New York on Tuesday became the first US city to adopt salt warnings on restaurant menus for food containing more than the daily recommended limit, in a bid to fight heart disease.
The law applies to chains with more than 15 restaurants across the country, and requires a salt shaker icon next to items that contain 2.3 grams or more of sodium — about a teaspoon’s worth.
It also requires chains to post a warning statement advising that high sodium intake can increase the risk of heart disease and stroke — the two biggest killers in America.
Chains have 90 days to comply with the new rule, which was passed unanimously by the city health board in September, before $200 fines are imposed from March 1.
The sodium law is the latest in a long line of public health measures designed to foster healthier behavior, including a pioneering ban on smoking that has since been adopted across the world.
It comes as the US departments of agriculture and health and human service recommend that Americans reduce their daily sodium intake to less than 2.3 grams of sodium a day.
New York authorities say the average adult in the city consumes almost 40 percent more sodium than the recommended limit per day, with black and Hispanic New Yorkers most affected.

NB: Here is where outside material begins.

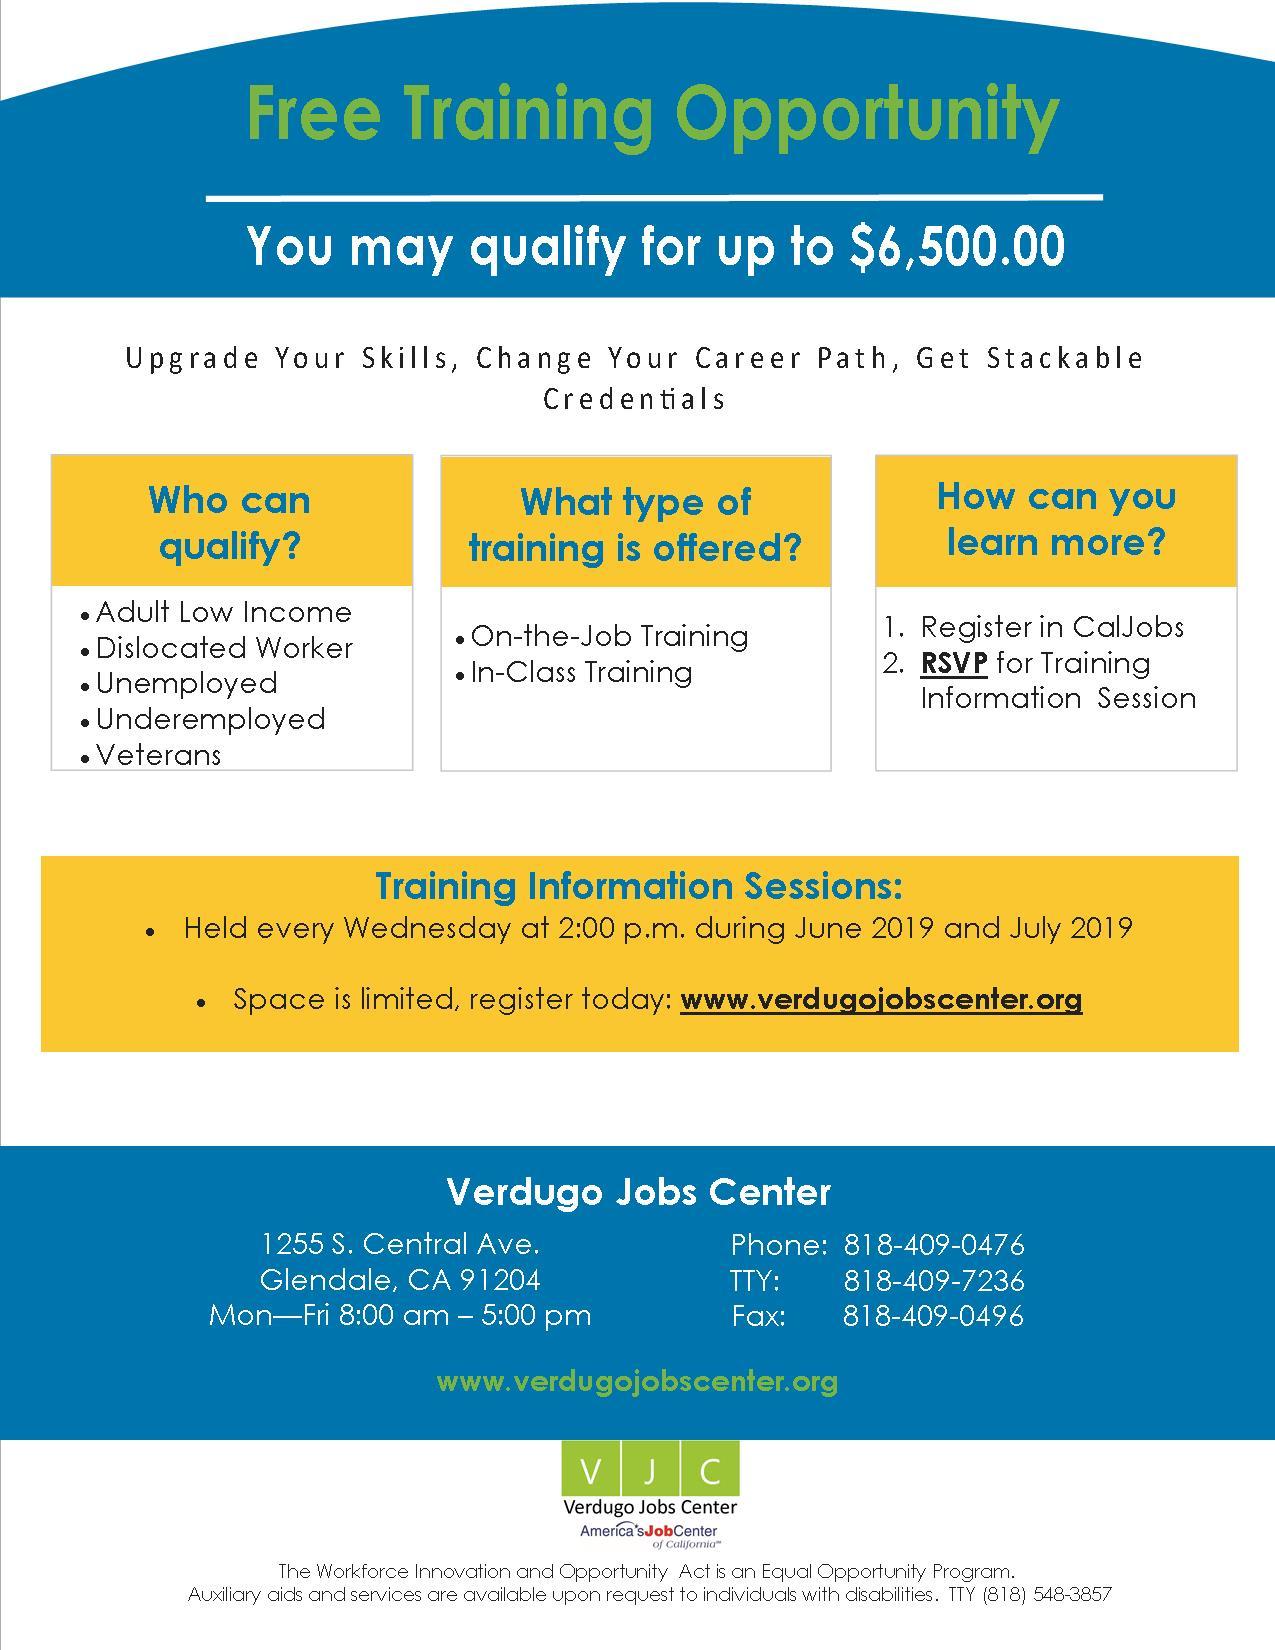 Verdugo Jobs Center | City of Glendale, CA

“Too few understand the link between high sodium intake and hypertension, heart disease, and stroke,” said Mary Bassett, city health commissioner.
“These icons will help New Yorkers make more informed choices when dining out,” she added.
Chains account for one-third of the restaurant clientele in New York, city authorities say.
Applebee’s is among those restaurants who have willingly adopted sodium warnings on menus in the city.